Reliance Industries results were largely in line with expectations. The petroleum major’s sales rose by 93% to Rs 58,848 crore in the December quarter, compared to the same period last year. Its net profit, however, rose by a more modest 16% to Rs 4,008 crore. There were a few reasons for the significantly higher growth in sales. The December 2008 quarter was a relatively bad one and RIL’s sales had fallen by 9%. Its refinery at Jamnagar had been commissioned in December 2008 and would have operated at much lower capacity, than in the current fiscal. Gas supplies too have contributed significantly to RIL’s sales and profits in the current quarter. On a sequential basis too, RIL’s performance has been good, with sales rising by 20% but net profit rose by only 4%, indicating a pressure on margins.
- Highlights of the December quarter
- RIL’s sales growth of 93% during the quarter was mainly because of its refining and marketing business, which contributed 72% of revenues. R&M sales grew by 143% over the December 2008 quarter and 21% over the preceding quarter. A fully operational Jamnagar refinery reflected in year on year growth. RIL’s oil & gas production business did well, as production from the KG6 wells rose.

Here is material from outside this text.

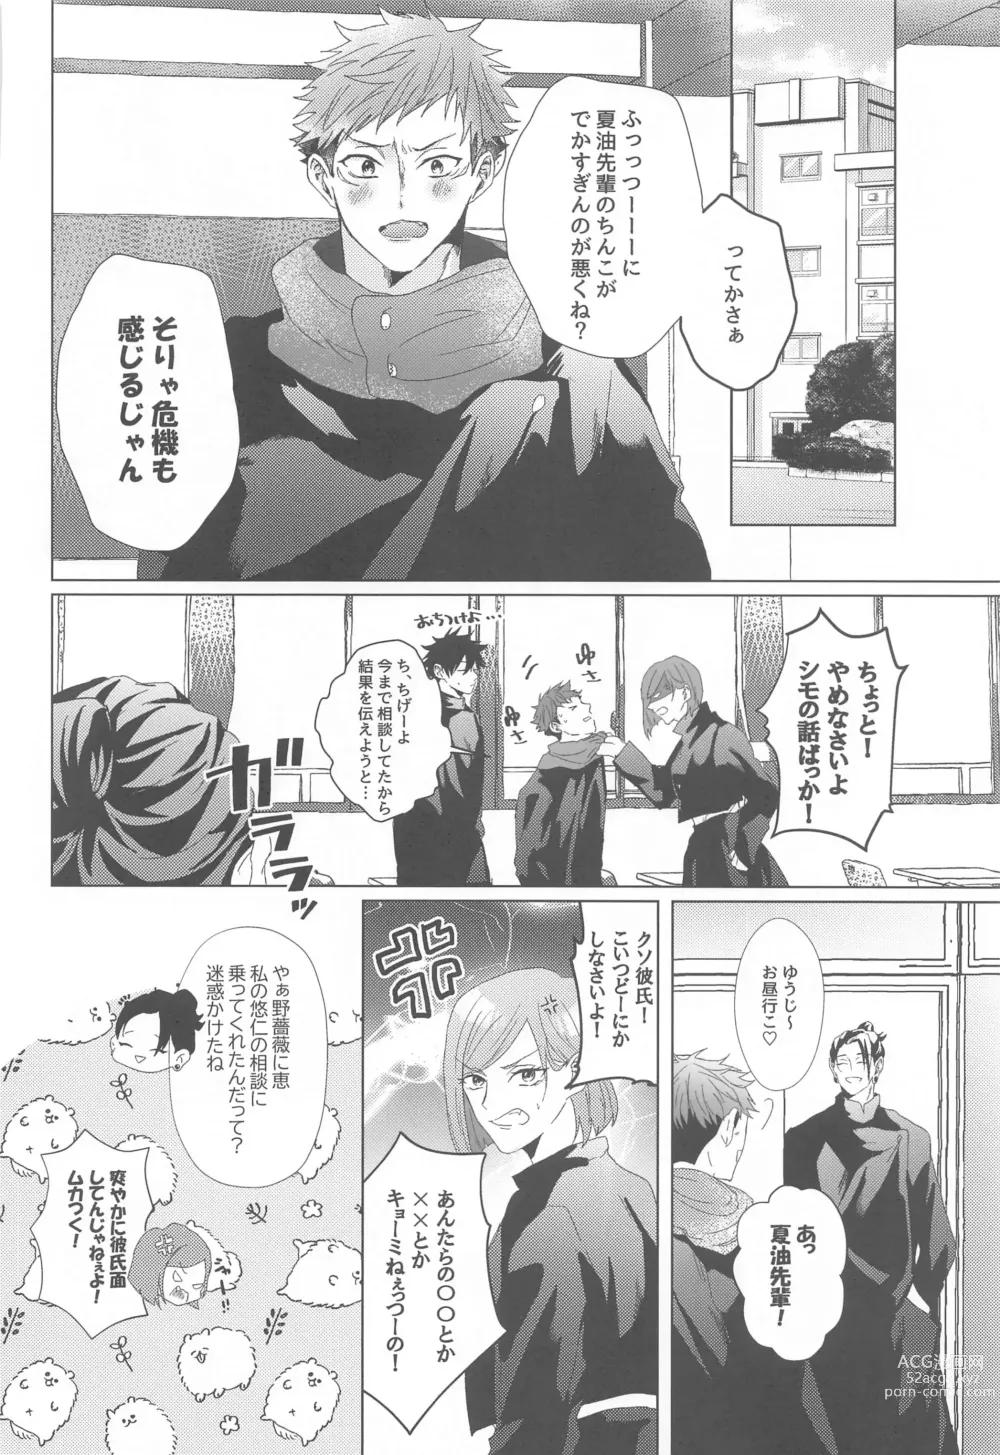 Page 49 of doujinshi Senpai, Anone.

- The oil & gas divison’s revenues more than tripled to Rs 3,530 crore over last year, and were up by 20% over the preceding quarter. The petrochemicals business had a relatively sedate quarter, with revenues up by 17% to Rs 14,756 crore over last year and up 11% over the preceding quarter. While volumes grew by 20% over last year to 5.5mn tonnes (flat over the previous quarter) lower price realisations hit value growth.
- On the profit front, RIL did face some pressures, however. While the R&M business may have been a star performer for revenues, its segment profit declined by 27% to Rs 1,379 crore. While volumes nearly doubled refining margins are under pressure. Gross refining margins fell to $5.9 per brent barrel (bbl) during the December 2009 quarter compared to $10/bbl in the corresponding previous period.
- Segment profit margins in the oil and gas business too fell, which was due to higher proportion of revenues from KG D6, the company said. Segment margins declined to 41.8% from 58.6% but were flat over the previous quarter. Margins fell due to a higher depletion rate in KG D6 compared to the Panna-Mukta-Tapti fields. But margins were constant compared to the preceding quarter.
- In the petrochemicals business, margins were up at 13.9% compared to 13.1% but were down on a sequential basis. The company attributed this to lower growth because of timing effects on pricing of products. That would mean that while raw material prices went up, product prices were yet to move up.
- RIL’s operating profit margins declined to 13.8% in the December quarter, from 18.2% in the corresponding previous period and is also down compared to 17% in the previous quarter. Its total material cost was up by 117%, much higher than its sales growth, but staff costs fell by 8% and other expenditure grew by only 17%.
- RIL contained the increase in interest costs to 14% but other income fell by 23%. Higher interest will be due to commissioning of projects, leading to interest being charged to the profit and loss account. Lower cash and cash equivalents, at Rs 15,959 crore compared to Rs 28,500 crore in the corresponding previous period, would have been mainly responsible for lower other income .
- Profit before tax rose by 19% to Rs 5,007 crore but a higher tax burden led to net profit rising by 15%. RIL voluntarily gave up the EOU status for its refinery as it saw better opportunity in the domestic market. But domestic sales would be subjected to income tax, which is reflected in its numbers.
- These are standalone numbers and do not reflect its retail business, which has gone through a bad phase due to the downturn. The company has also been selling its own shares held by the Petroleum Trust, which will reflect in its wholly owned subsidiary’s numbers. Consolidated results will be available when the company reports its full year numbers for March.
- Going forward, the oil and gas business will continue contributing to growth in sales and profits. But the refining business will show strain for a few more quarters, especially on a year ago basis, as GRM was about $10/bbl in the March quarter. If the global economic recovery becomes more broad-based and not just restricted to developing markets, fuel demand may start rising leading to better product prices for refiners.